**About this task**. Down to the last line of the listing, starting at the one with "Glenelg - Kiwanis International", retype each line exactly. Do not copy the pictures.
Top of Given data
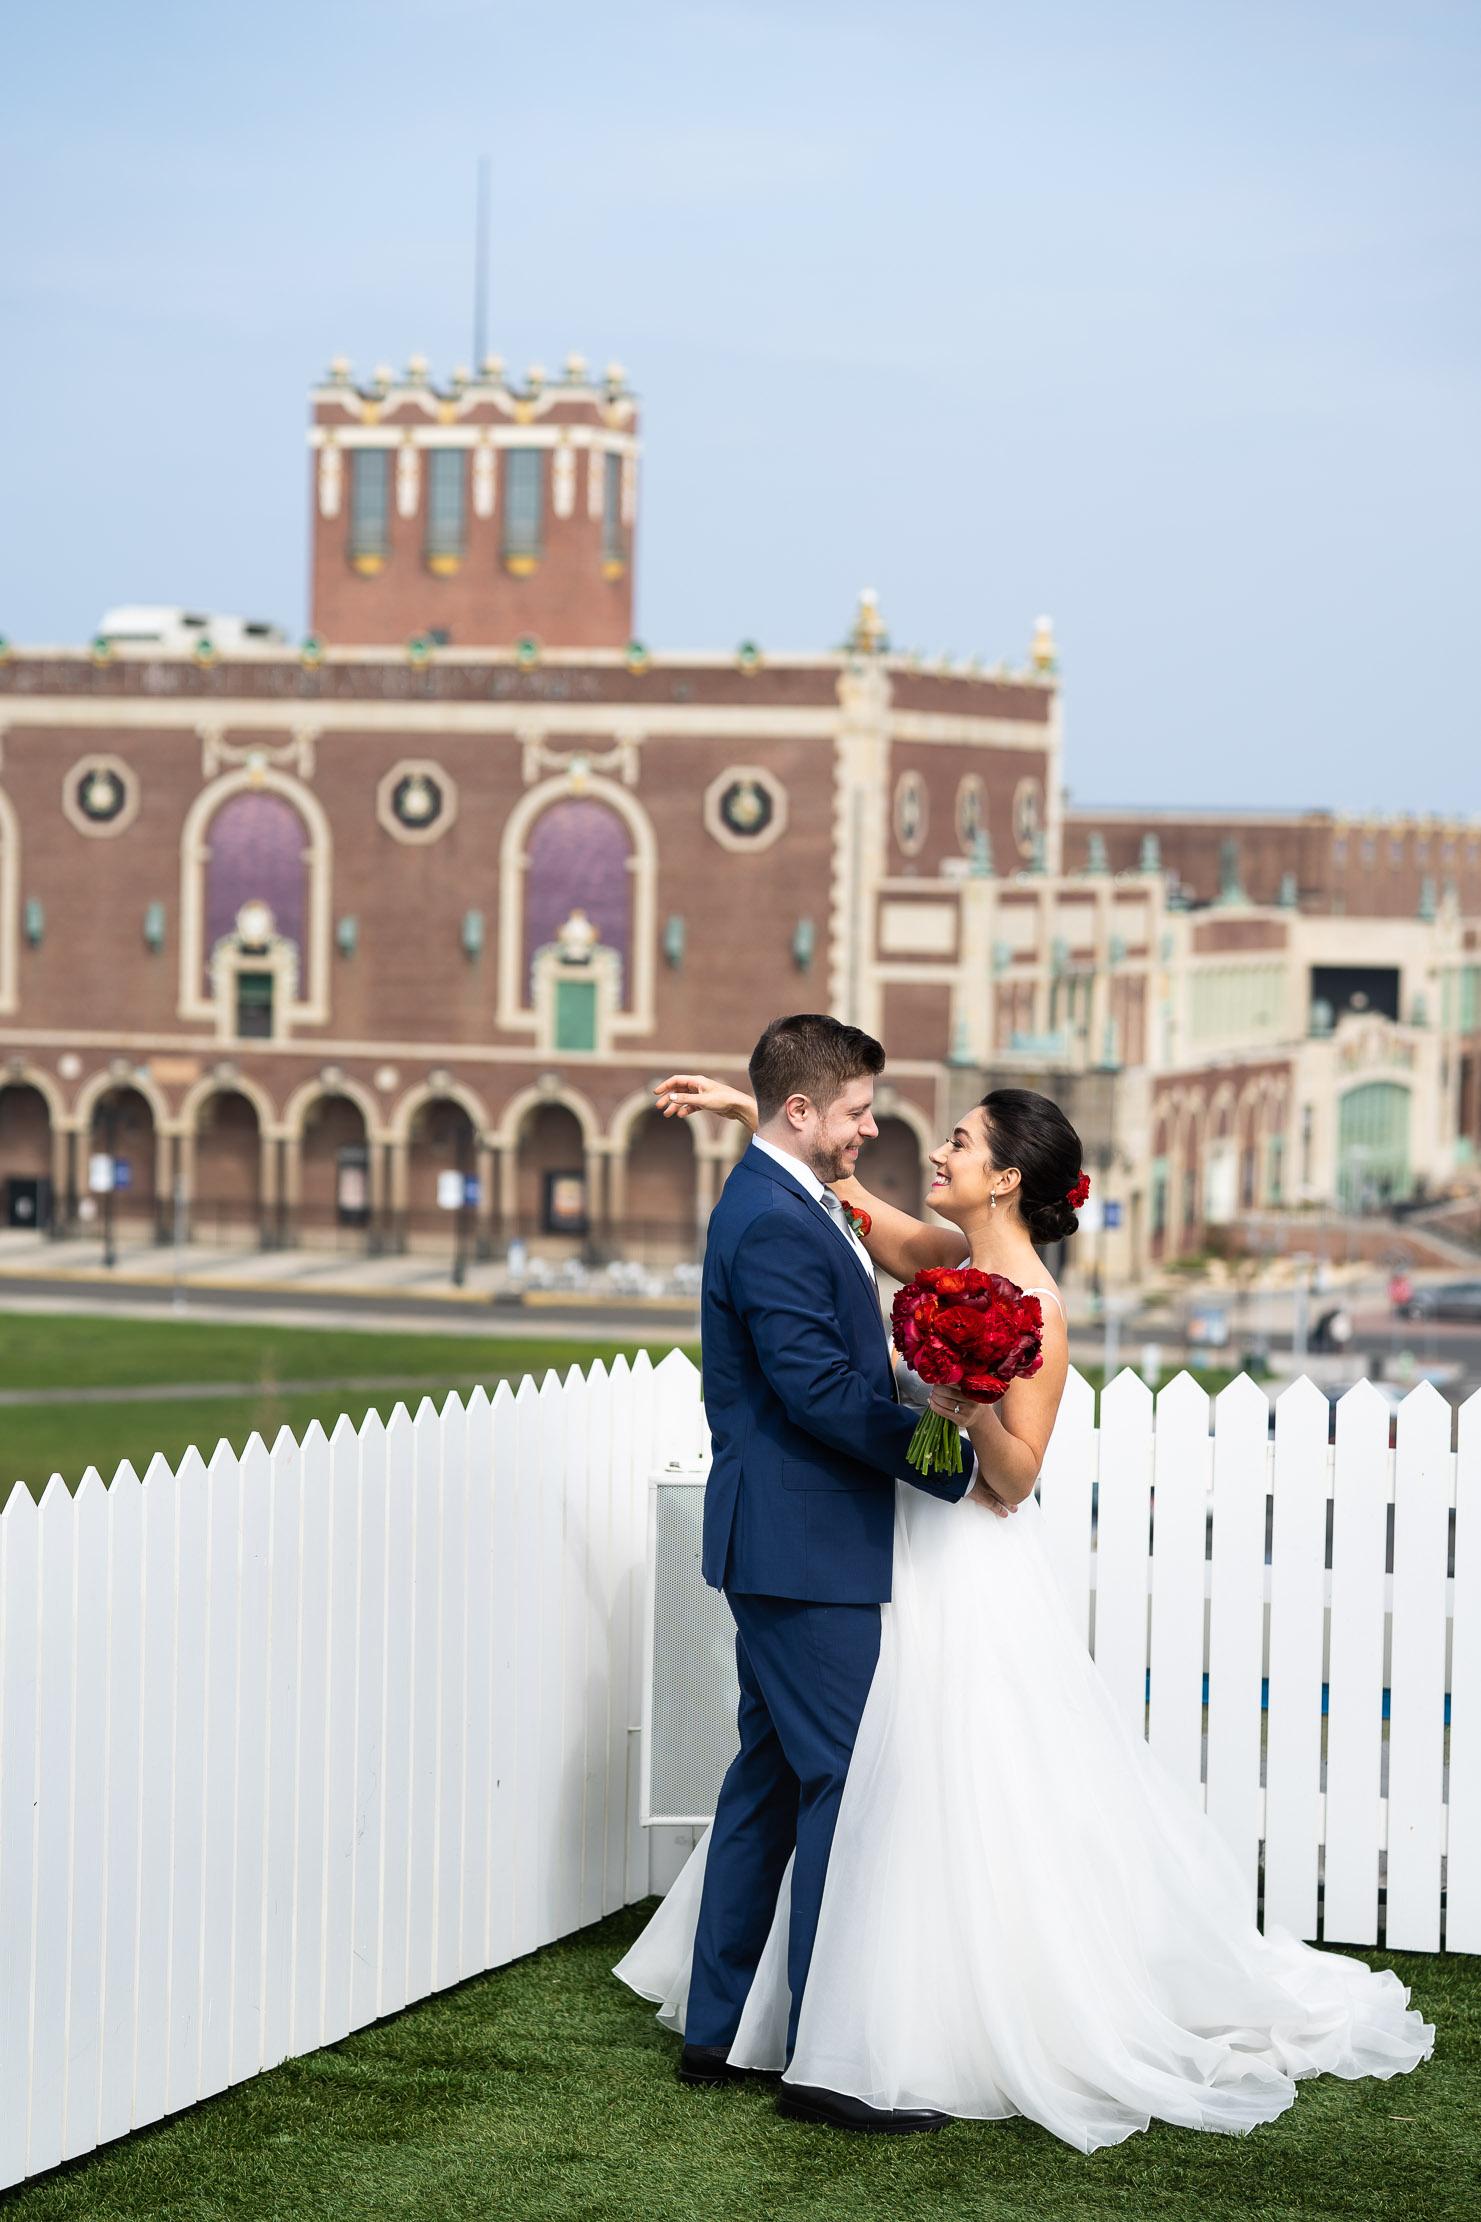 Asbury-Park-Convention-Hall-Wedding-2023.jpg
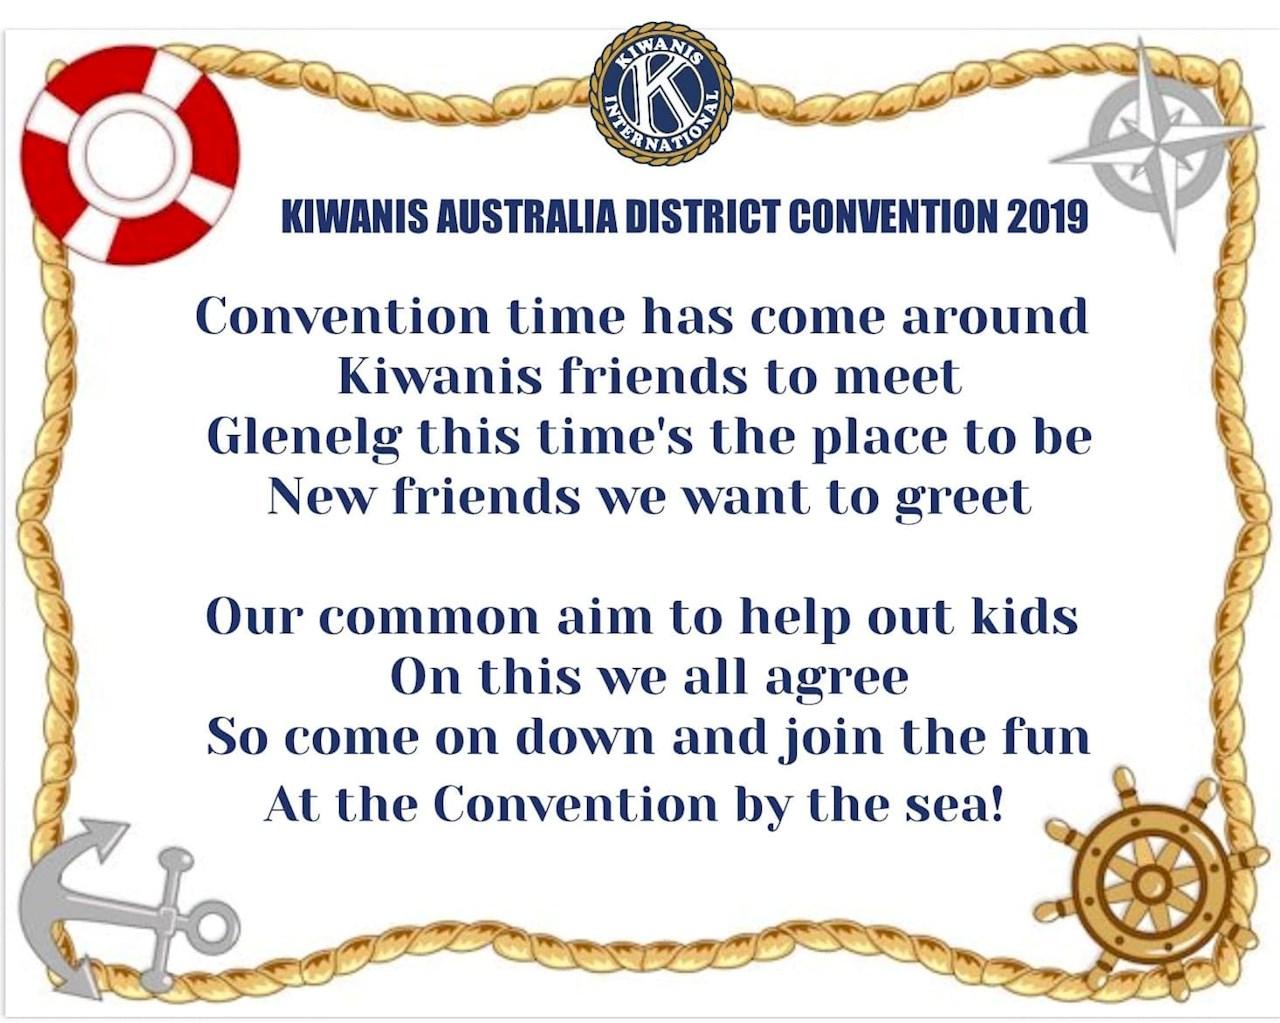 Glenelg - Kiwanis International
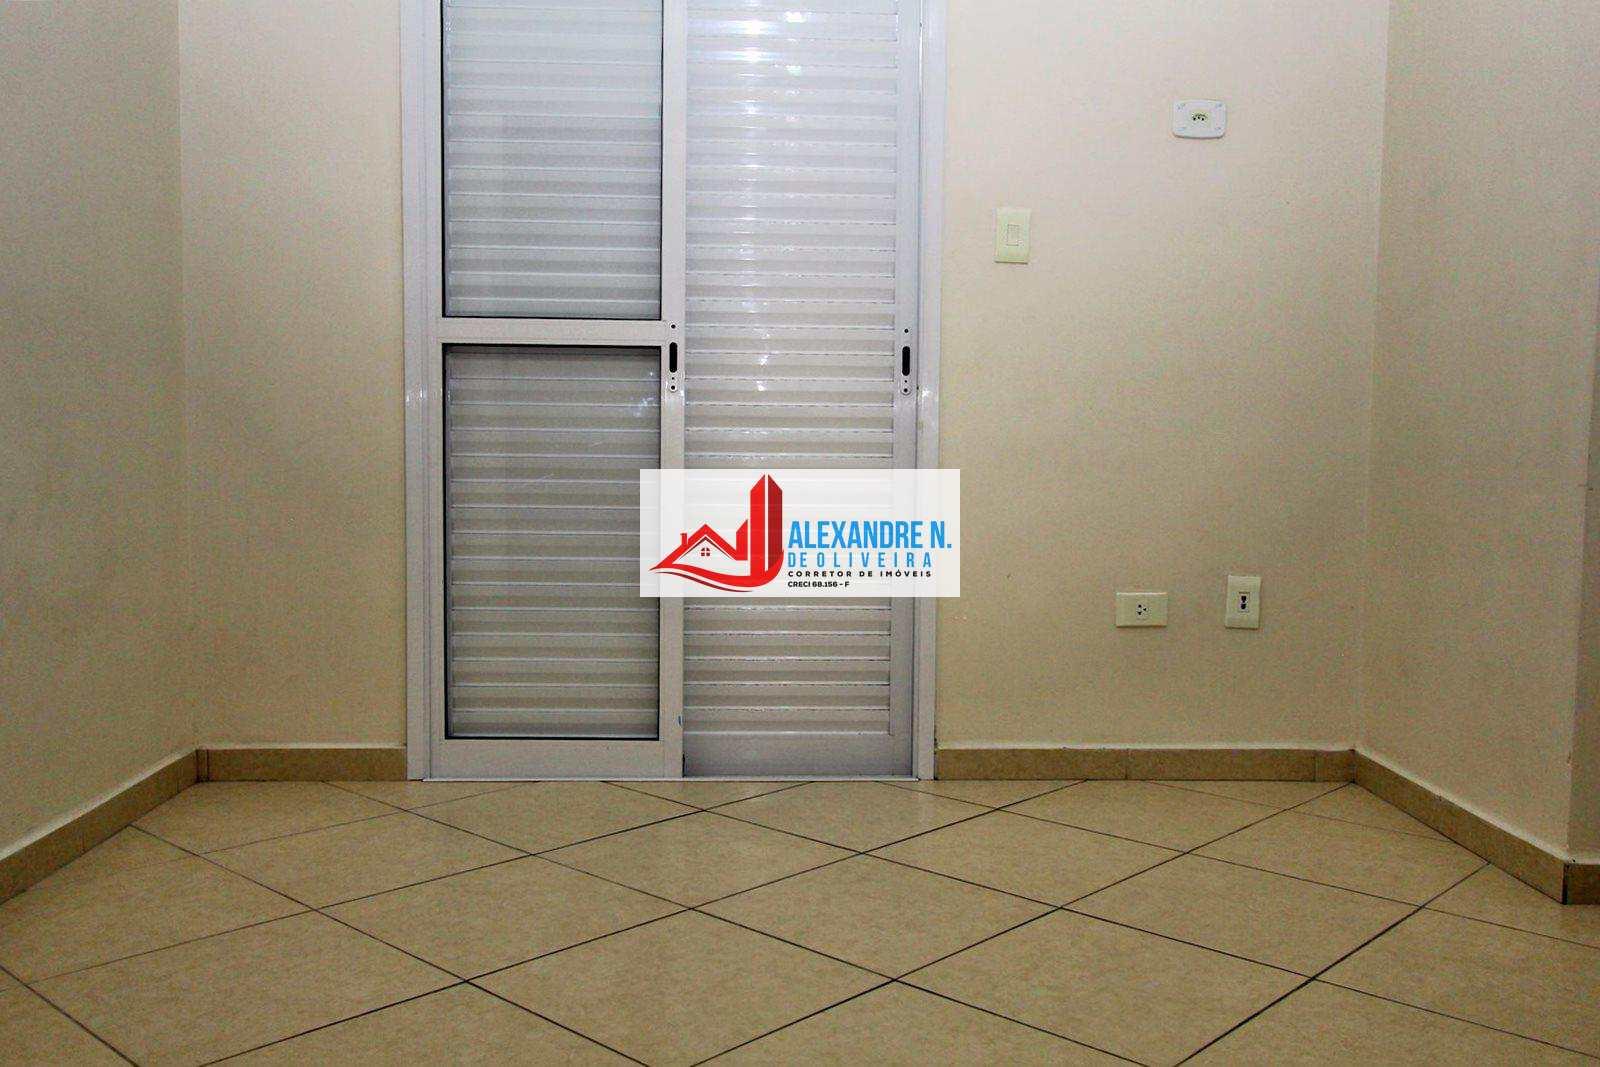 Apto 2 dorms, Guilhermina, Praia Grande, R$ 350 mil, AP00501.
Bottom of Given data
**Answer section**.
 Glenelg - Kiwanis International
 Apto 2 dorms, Guilhermina, Praia Grande, R$ 350 mil, AP00501.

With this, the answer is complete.